Marine energy conversion

Marine and hydrokinetic (MHK) energy conversion technology harvests the abundant wave and current energy in the ocean. The US department of energy (DOE) has identified 3 thrust research areas to advance the technology and commericial maturation of the MHK industry:

  1. hydrodynamics
  2. power take-off (PTO)
  3. control

Hydrodynamics refers to the optimization of the fluid-structure interaction of a device so that the ocean energy can be absorbed by the device as much as possible; PTO is the core mechanism of a MHK device, in charge of converting kinetic energy of the device into pressure energy for desalination or electricity for power generation; Control, by integrating sensors, actuators, hydrodynamic shape of the device, and unique PTO features, maximizes the power output in different working conditions and provide motion constraints in extreme conditions. These 3 components constitute what we call a “wave-to-wire”/”wave-to-water” model, i.e., the model to predict electric power or desalinized water production given a certain wave condition.

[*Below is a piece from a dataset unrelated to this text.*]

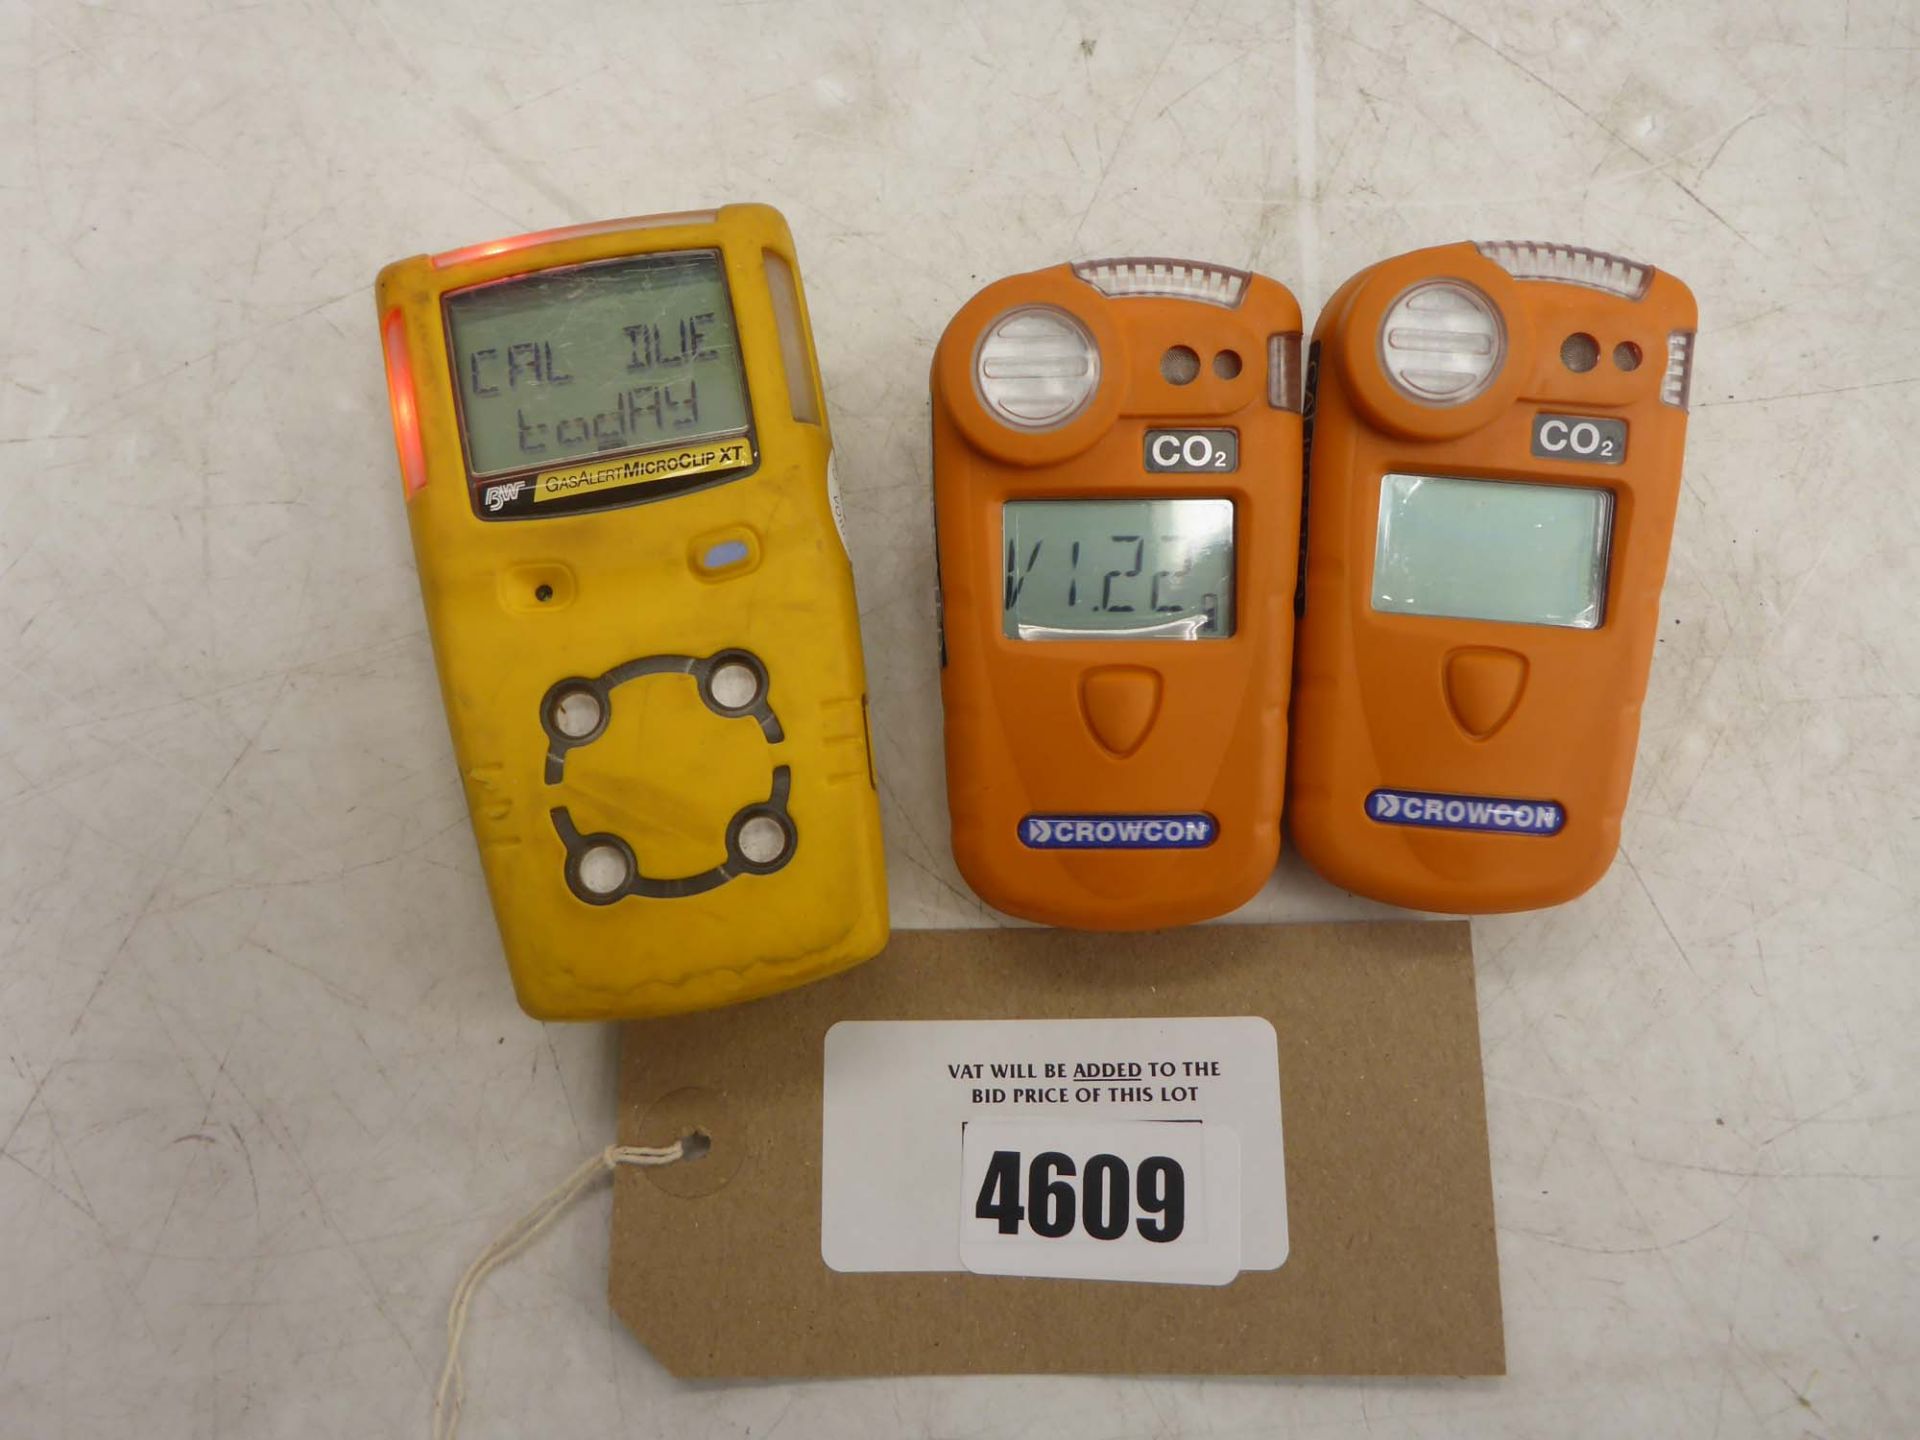 BW Gas Alert Micro Clip XT detector and 2 Crowcon Gasman personal gas detectors

In these 3 components, hydrodynamics modelling is the most fundamental and essential one, since it directly constrains the validity of PTO modelling and control strategies. The mainstream modelling techniques can be categorized based on fidelity as in the following figure.

Linear potential flow theory is the most prevalent technique to model the hydrodynamics of wave energy converters. Linear potential flow theory assumes no viscosity of the fluid and small vibration motion of wave energy converters. So the motion and generated energy is generally overestimated by this theory. Drag damping correction, typically using Morrison’s equation, can be integrated for viscosity effect. However, the small vibration motion assumption is the fundamental limitation. So in the wave energy converter design flow, linear potential flow theory is generally adopted to provide preliminary power estimation. The final system validation should resort to high-fidelity modelling techniques, such as RANS and LES.